TASK ITEM — Exclude the pictures. Transcribe exactly, and only, the lines from the one holding "la encantadora niña" to the end of the material below.

INFORMATION SUPPLIED —
•••

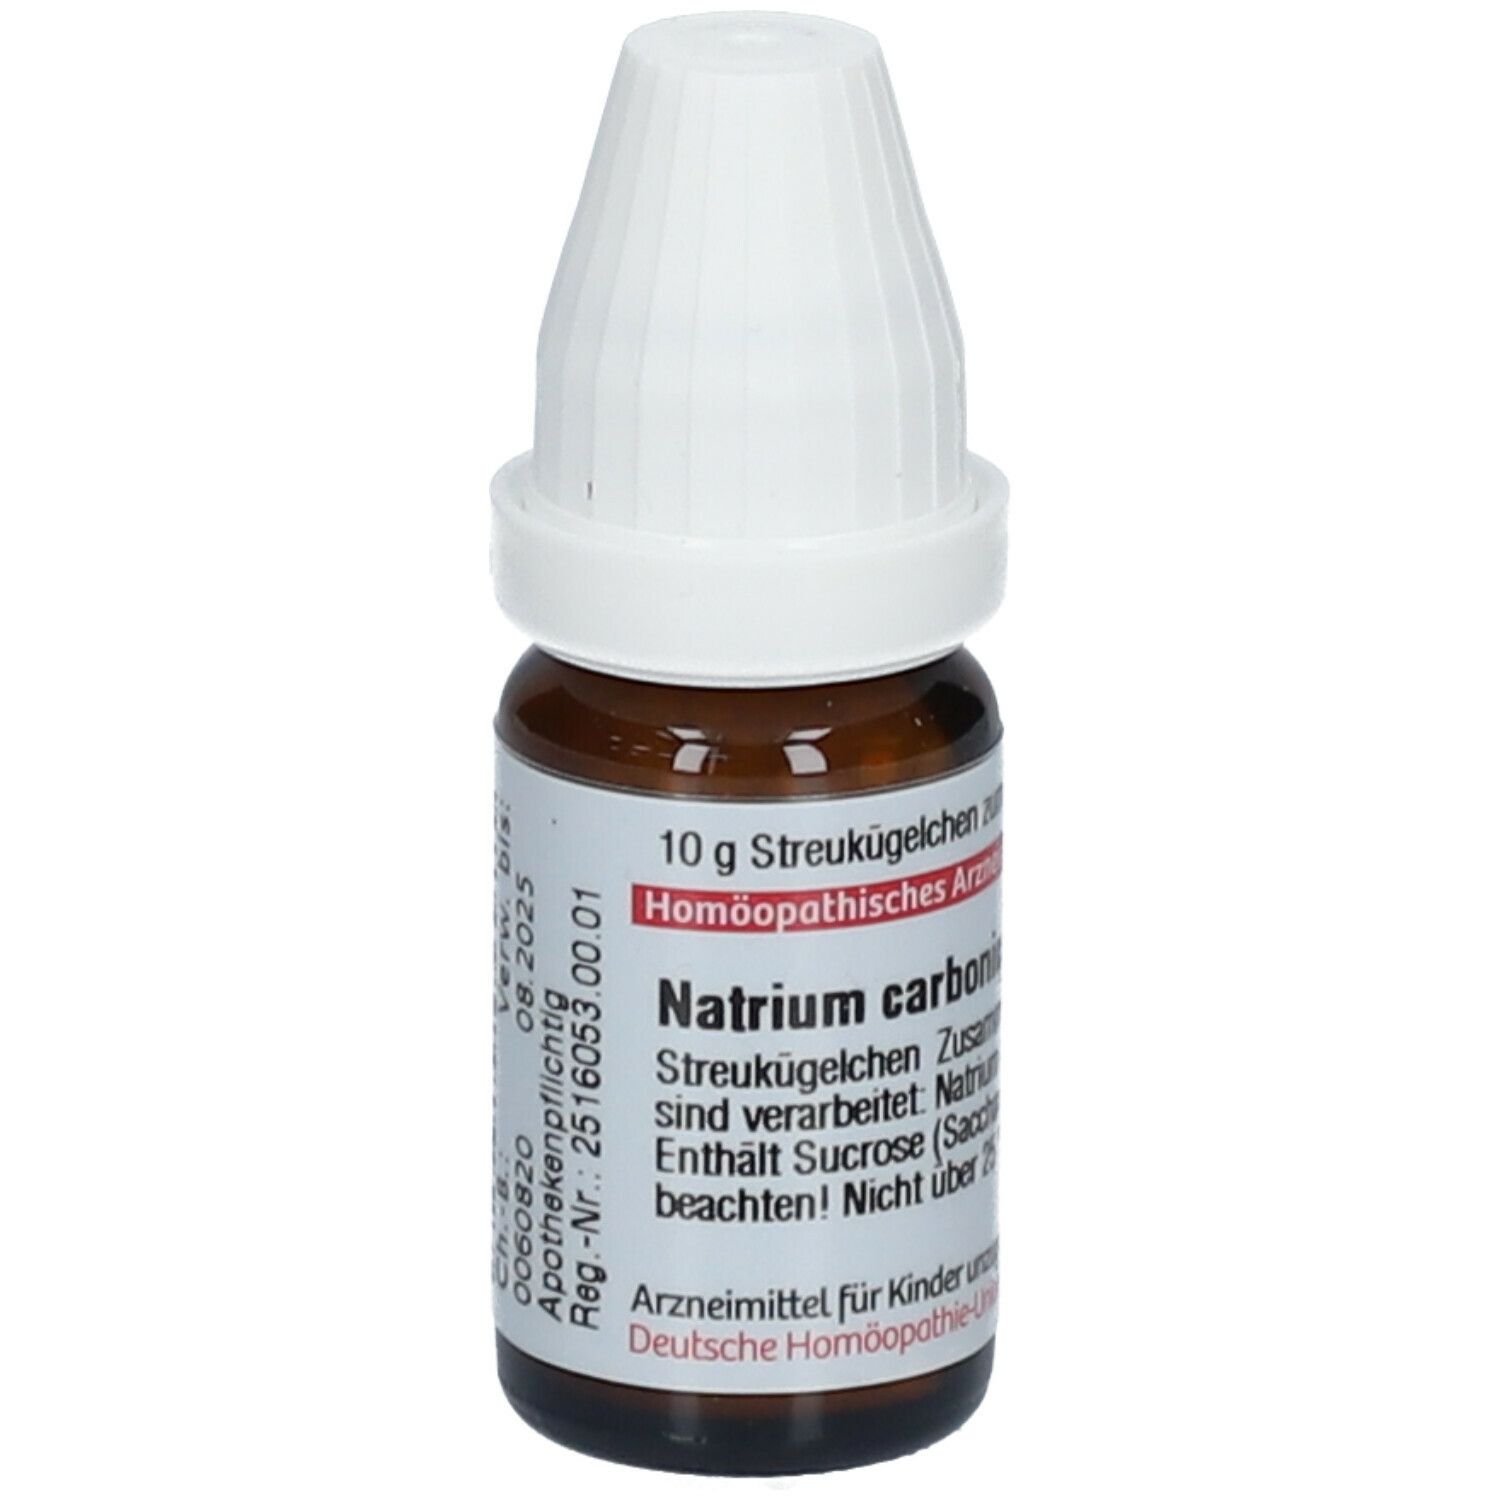 DHU Natrium Carbonicum C1000
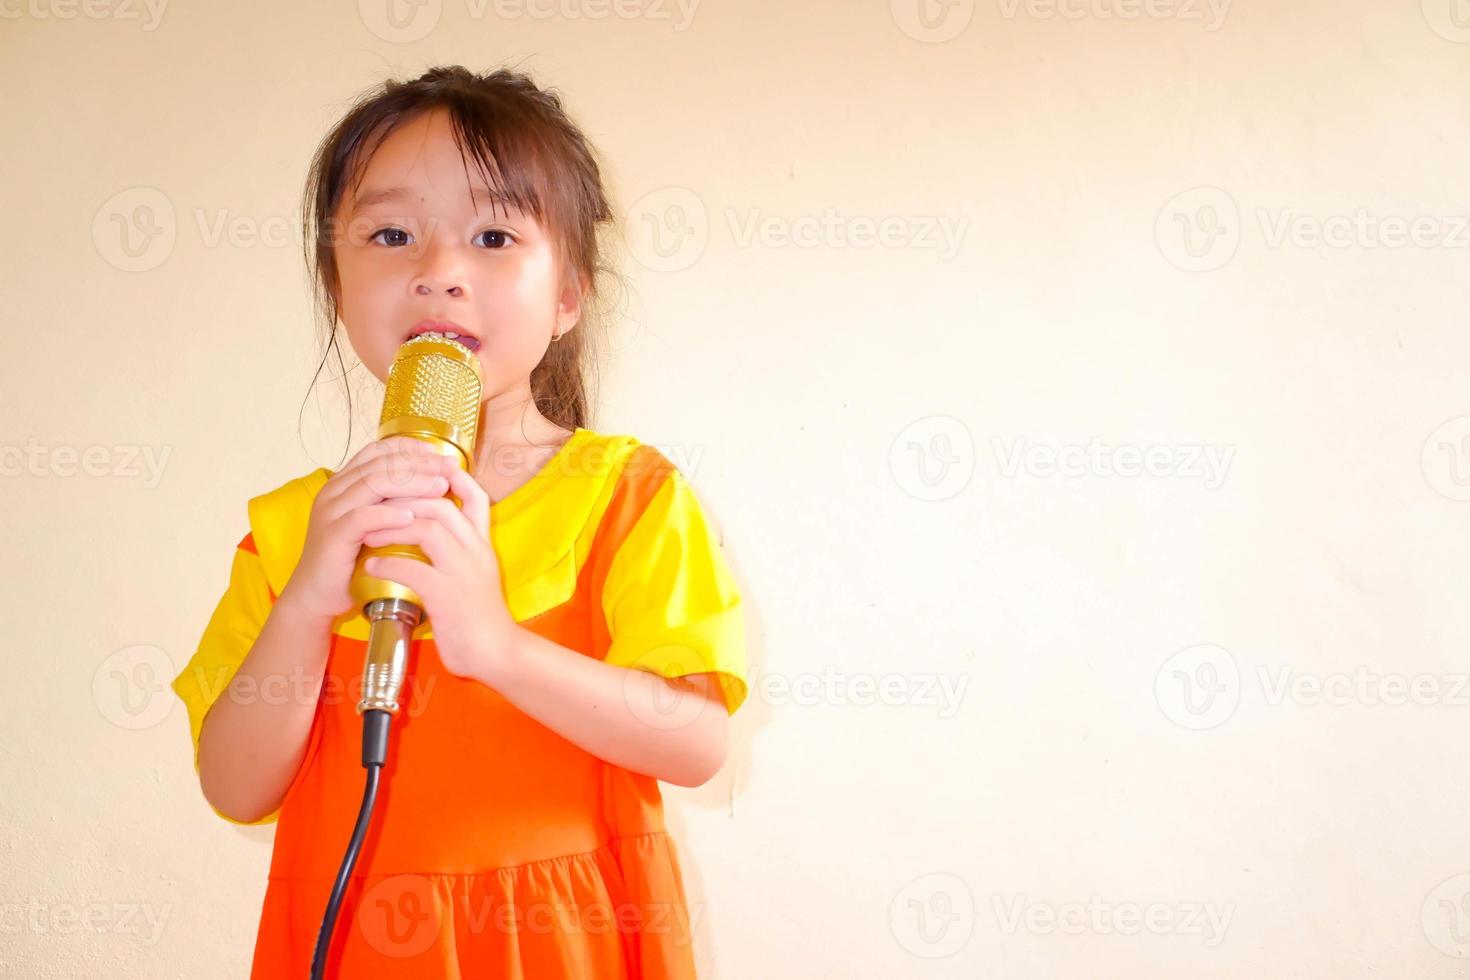 la encantadora niña viste un traje de gokowa o mugunghwa de color amarillo anaranjado, y sostiene música de canto con un micrófono dorado. vestido de moda para niñas y adolescentes. foto
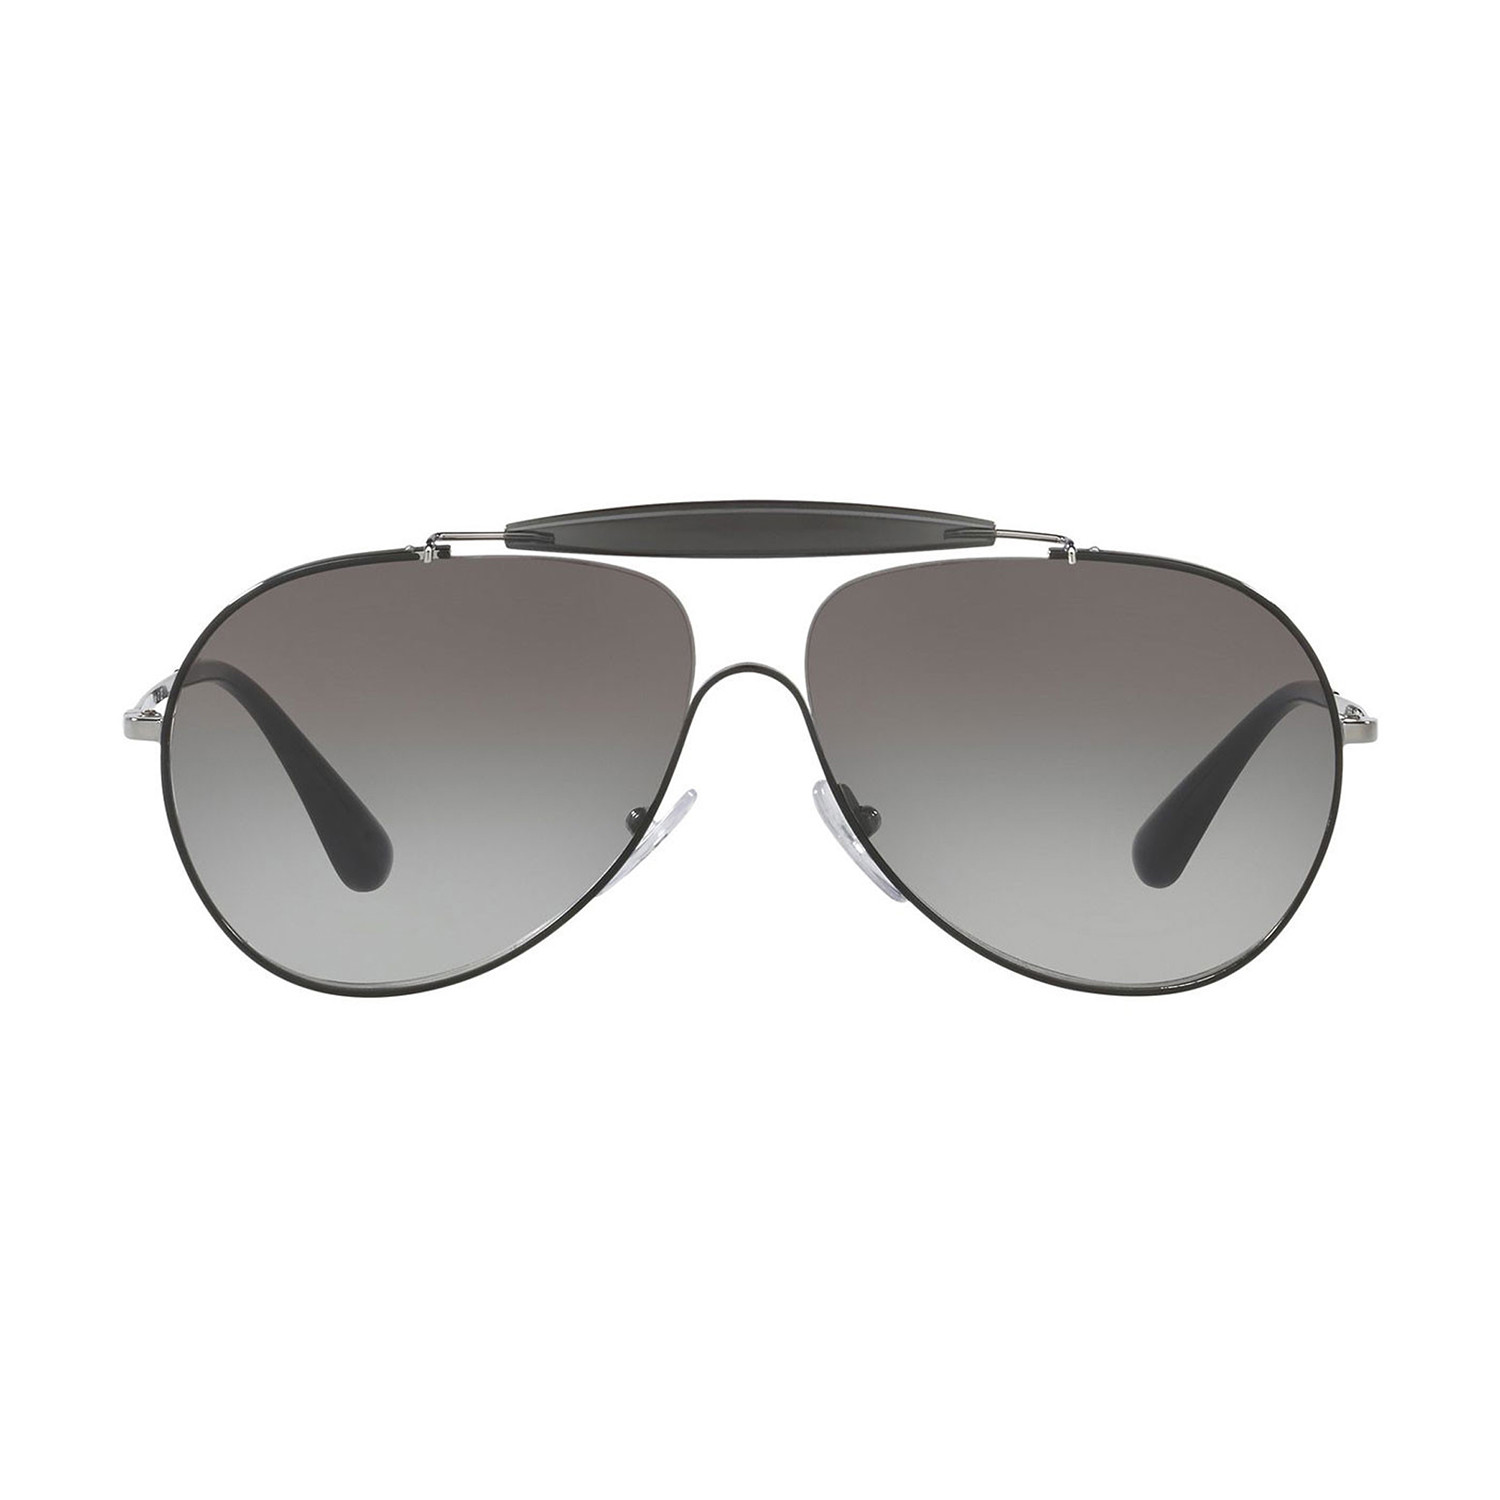 Prada // Men's Metal Sunglasses // Black Gunmetal + Gray Gradient - Men ...

•••

RESPONSE TO THIS EXERCISE —
 la encantadora niña viste un traje de gokowa o mugunghwa de color amarillo anaranjado, y sostiene música de canto con un micrófono dorado. vestido de moda para niñas y adolescentes. foto
 Prada // Men's Metal Sunglasses // Black Gunmetal + Gray Gradient - Men ...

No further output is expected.